Available protein structures:
- PDB: 1h6f​, 1xbr​ IPR001699 PF00907 (ECOD; PDBsum)
- AlphaFold: IPR001699; PF00907;

= T-box =

Genes that affect limb and heart development

T-box refers to a group of transcription factors involved in embryonic limb and heart development. Every T-box protein has a relatively large DNA-binding domain, generally comprising about a third of the entire protein that is both necessary and sufficient for sequence-specific DNA binding.
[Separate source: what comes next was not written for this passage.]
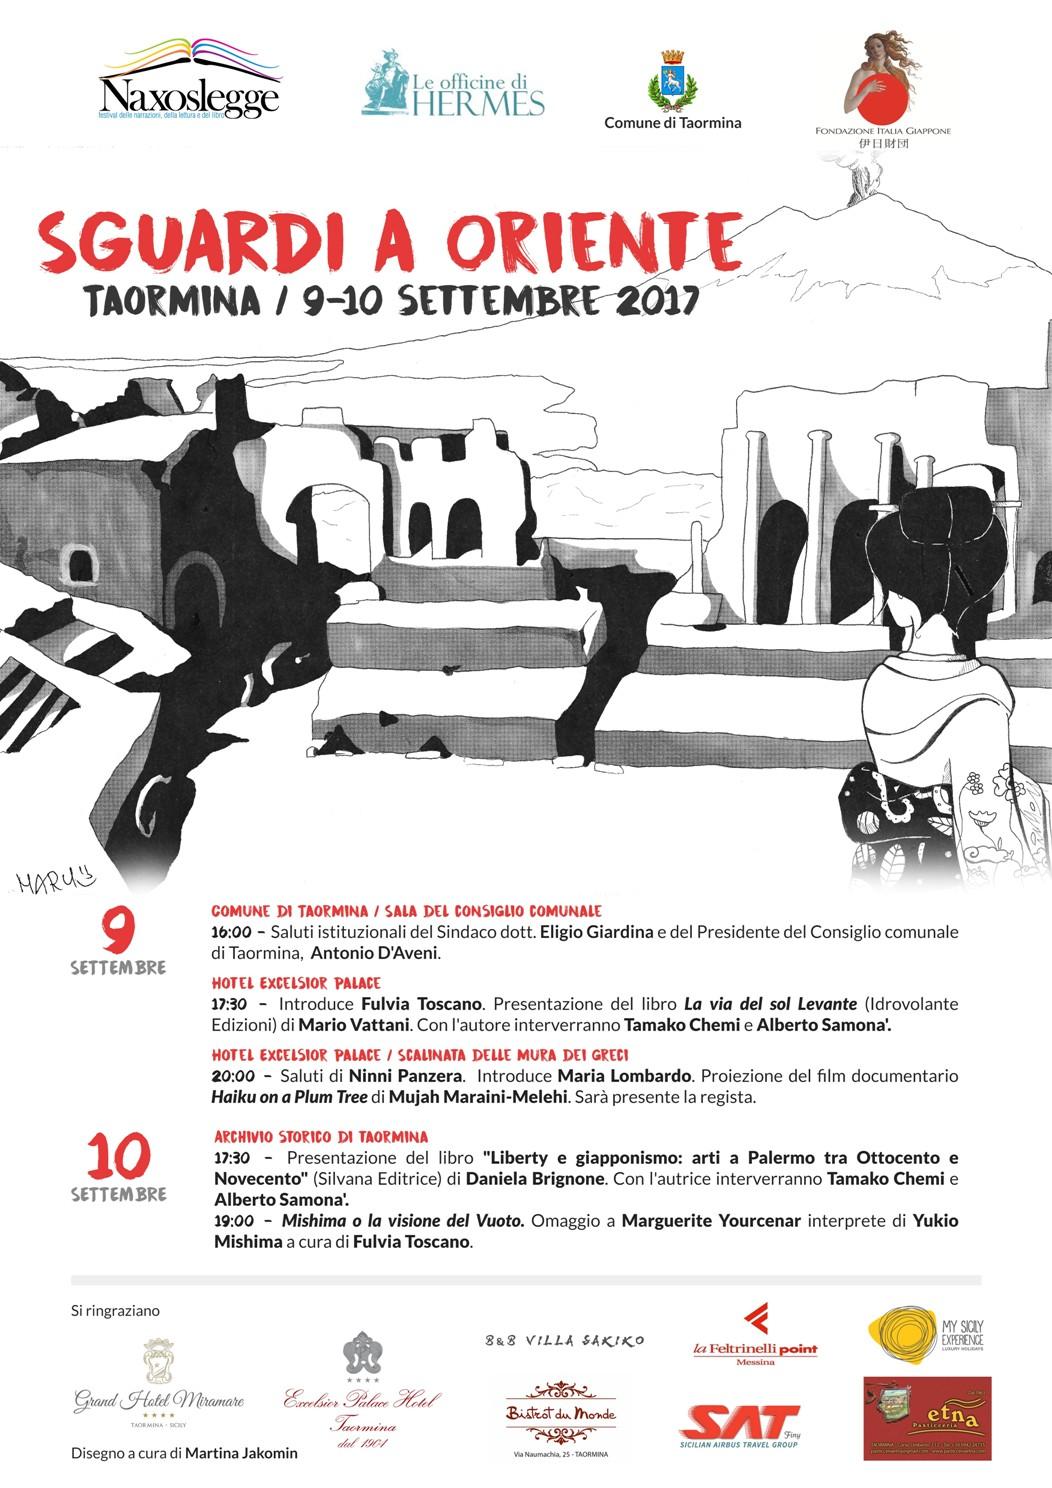 sguardi-a-oriente-05-09-17

All members of the T-box gene family bind to the "T-box", a DNA consensus sequence of TCACACCT.

==Members==
T-boxes are especially important to the development of embryos, found in zebrafish oocyte by Bruce et al 2003 and Xenopus laevis oocyte by Xanthos et al 2001. They are also expressed in later stages, including adult mouse and rabbit studied by Szabo et al 2000.

Mutations in the first one found caused short tails in mice, and thus the protein encoded was named brachyury, Greek for "short-tail". In mice this gene is named Tbxt, and in humans it is named TBXT. Brachyury has been found in all bilaterian animals that have been screened, and is also present in the cnidaria.

The mouse Tbxt gene was cloned and found to be a 436 amino acid embryonic nuclear transcription factor. The protein brachyury binds to the T-box through a region at its N-terminus.

==Protein activity==
The encoded proteins of TBX5 and TBX4 play a role in limb development, and play a major role in limb bud initiation specifically. For instance, in chickens TBX4 specifies hindlimb status while Tbx5 specifies forelimb status. The activation of these proteins by Hox genes initiates signaling cascades that involve the Wnt signaling pathway and FGF signals in limb buds. Ultimately, TBX4 and TBX5 lead to the development of apical ectodermal ridge (AER) and zone of polarizing activity (ZPA) signaling centers in the developing limb bud, which specify the orientation growth of the developing limb. Together, TBX5 and TBX4 play a role in patterning the soft tissues (muscles and tendons) of the musculoskeletal system.

==Defects==
In humans, and some other animals, defects in the TBX5 gene expression are responsible for Holt–Oram syndrome, which is characterized by at least one abnormal wrist bone. Other arm bones are almost always affected, though the severity can vary widely, from complete absence of a bone, to only a reduction in bone length. Seventy-five percent of affected individuals also have heart defects, most often there is no separation between the left and right ventricle of the heart.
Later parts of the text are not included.